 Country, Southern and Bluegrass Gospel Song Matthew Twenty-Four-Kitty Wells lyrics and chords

--------

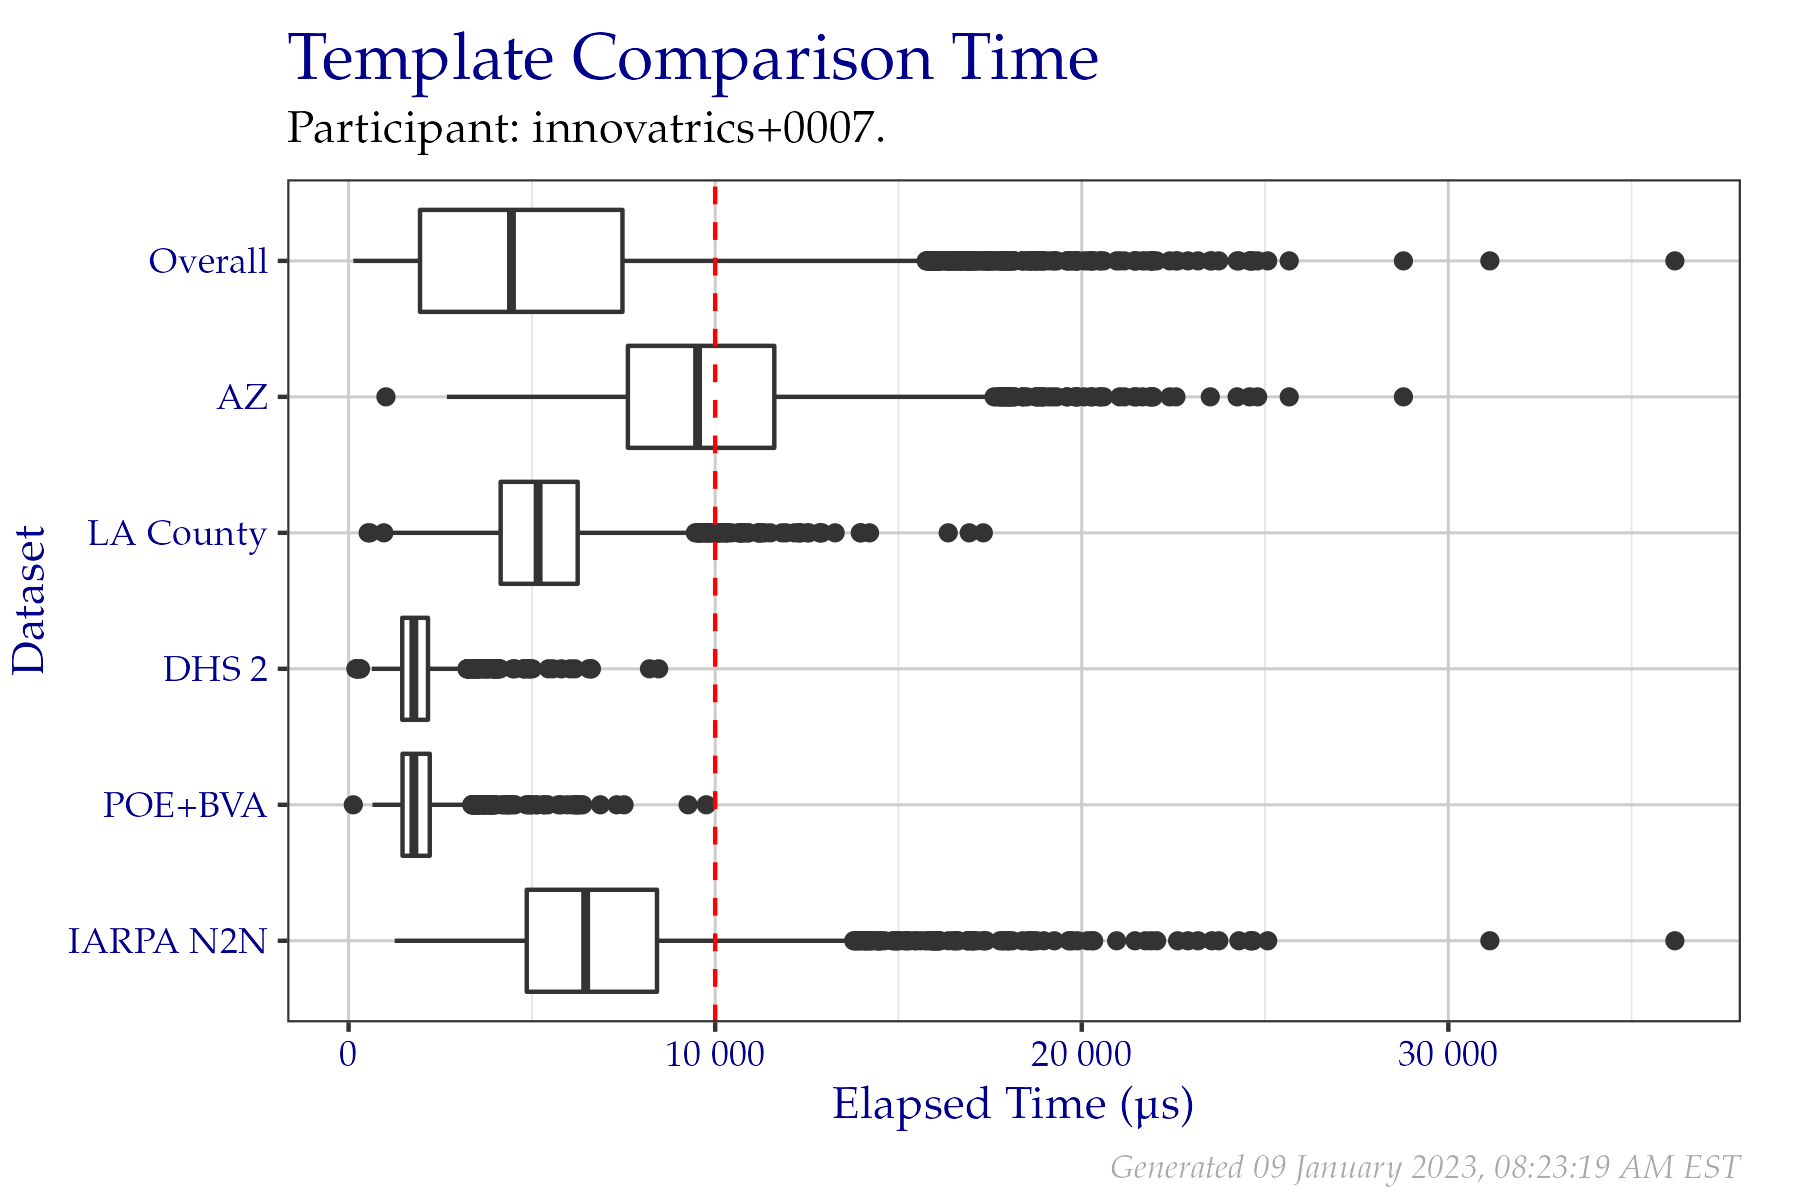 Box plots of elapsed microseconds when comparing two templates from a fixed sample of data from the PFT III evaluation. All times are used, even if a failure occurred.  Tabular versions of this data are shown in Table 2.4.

--------

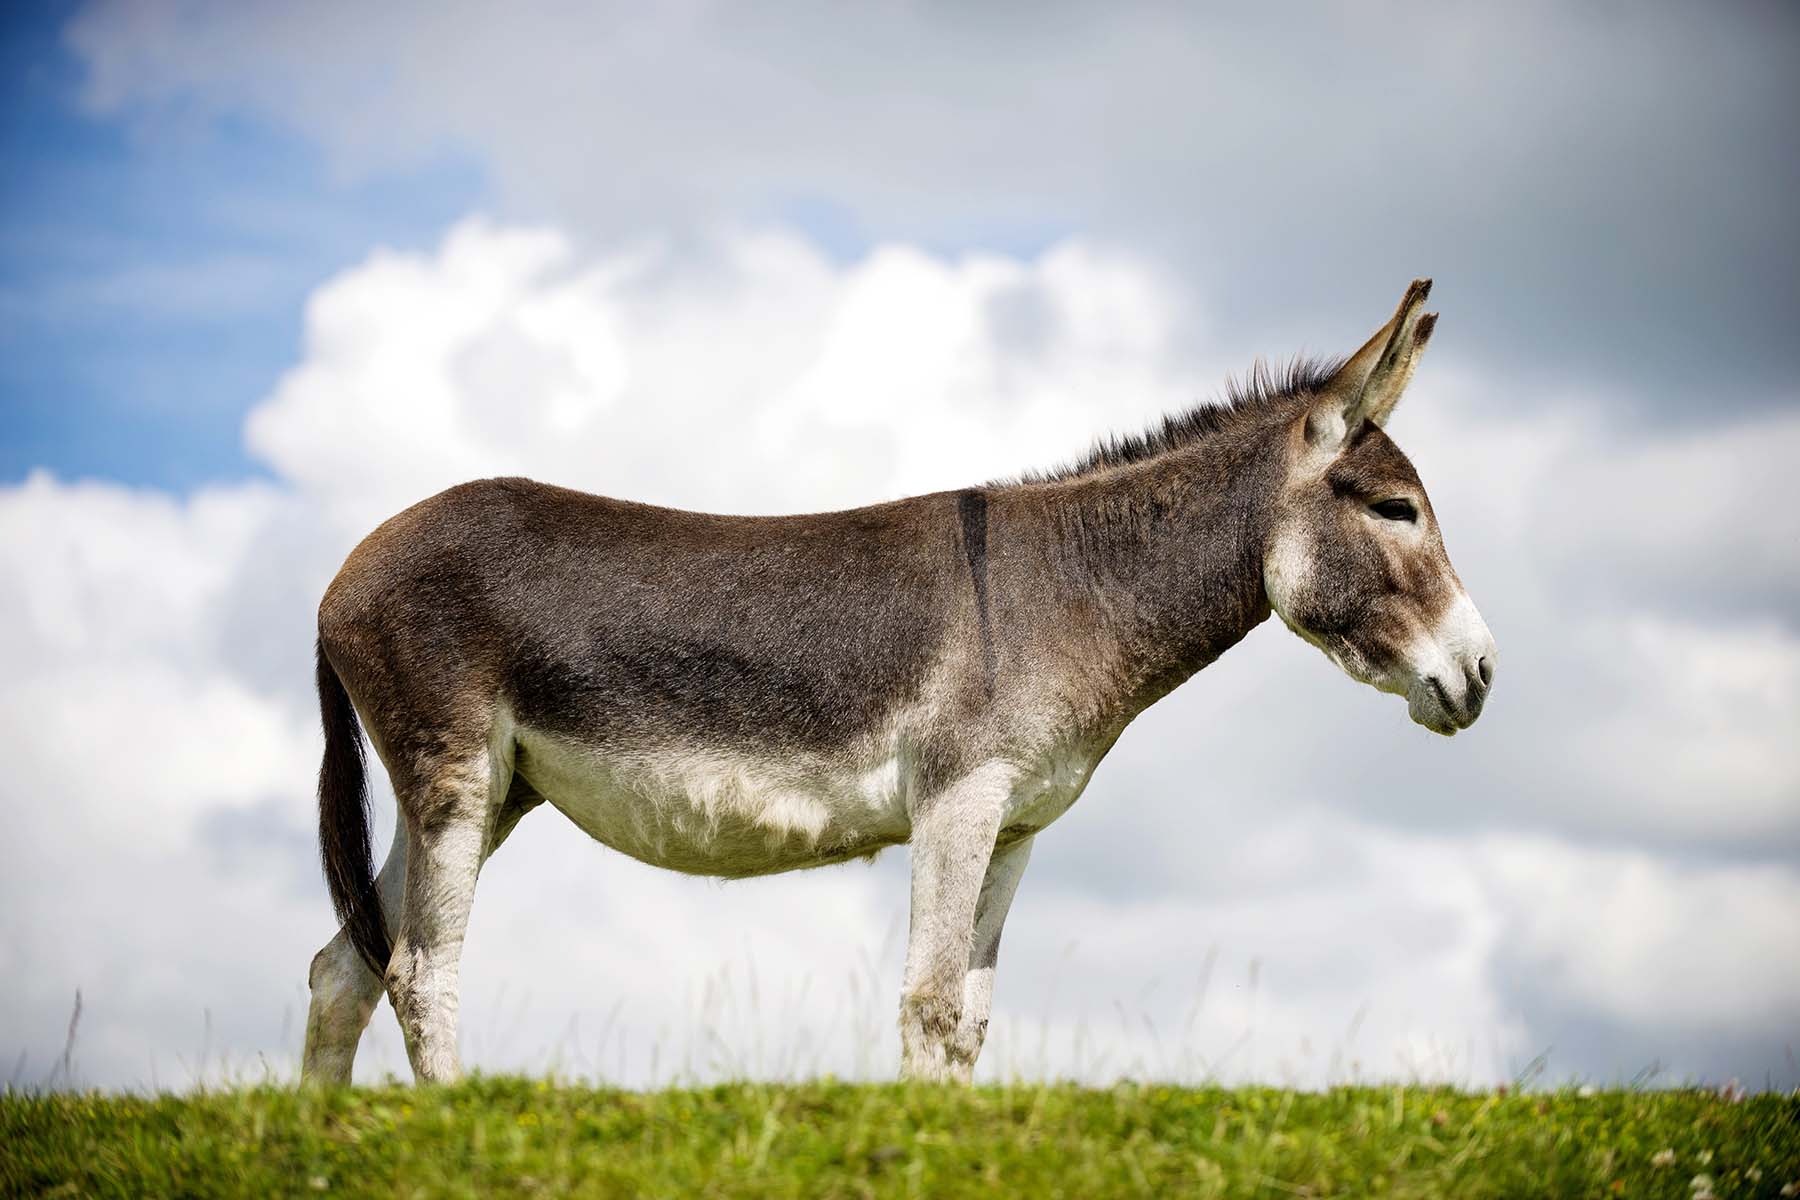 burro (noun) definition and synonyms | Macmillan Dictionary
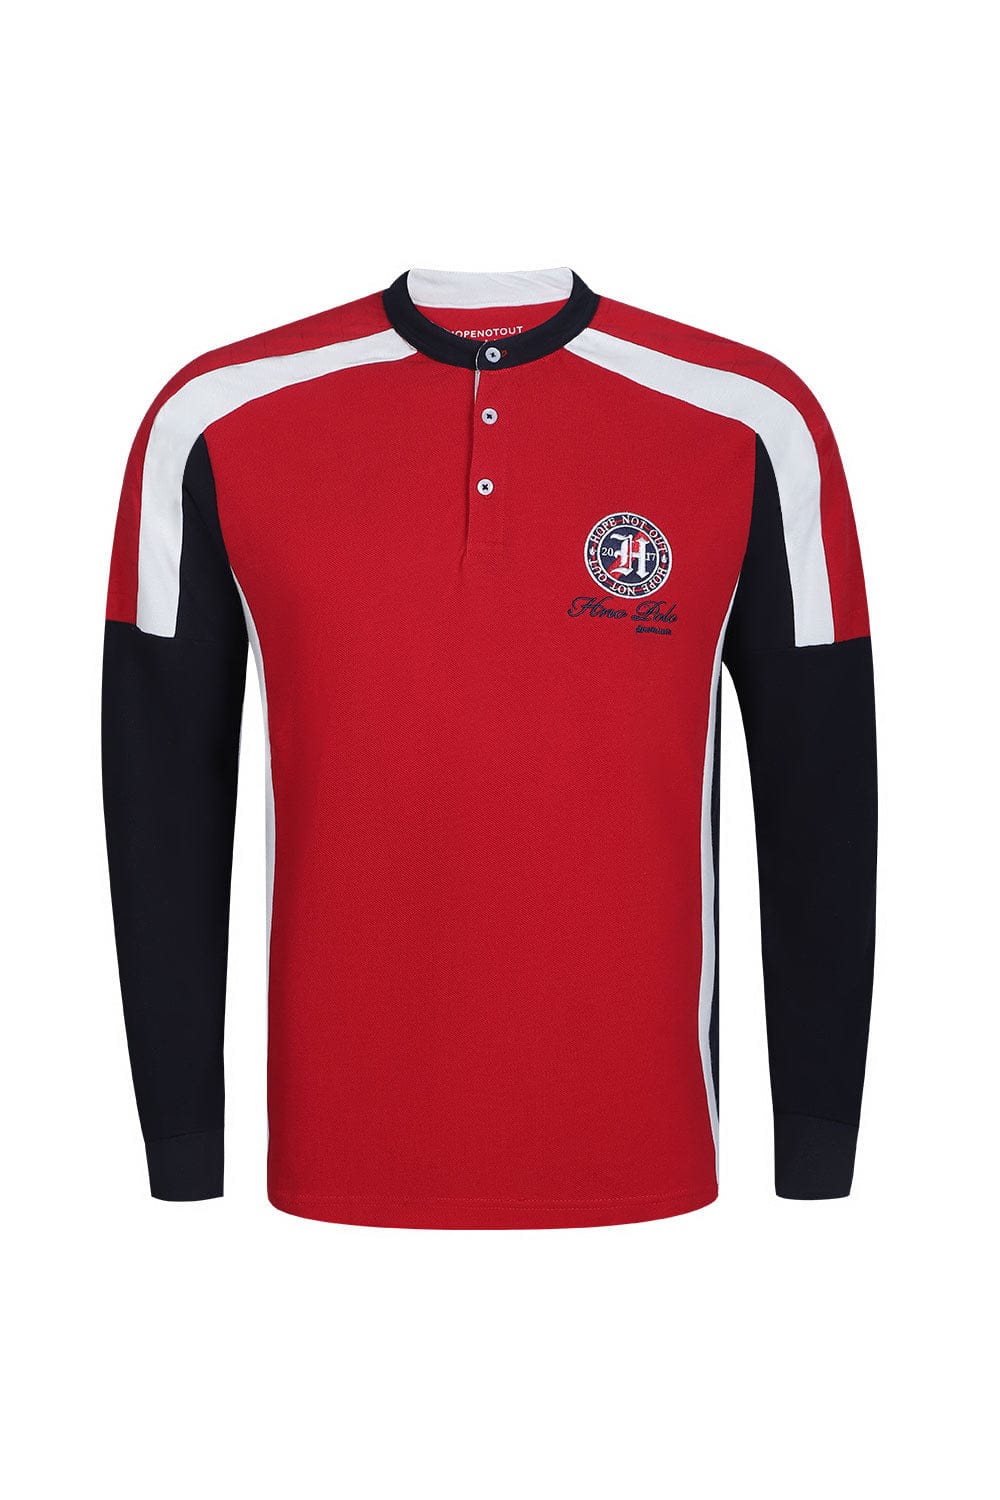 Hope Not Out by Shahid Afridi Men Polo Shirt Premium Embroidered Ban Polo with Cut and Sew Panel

--------

WORK INSTRUCTION: Only one stretch of the listing above is to be duplicated: the lines from the one containing "burro (noun) definition" through the one containing "Hope Not Out", both included. Copy them exactly, minus the pictures.

RESPONSE AREA:
 burro (noun) definition and synonyms | Macmillan Dictionary
 Hope Not Out by Shahid Afridi Men Polo Shirt Premium Embroidered Ban Polo with Cut and Sew Panel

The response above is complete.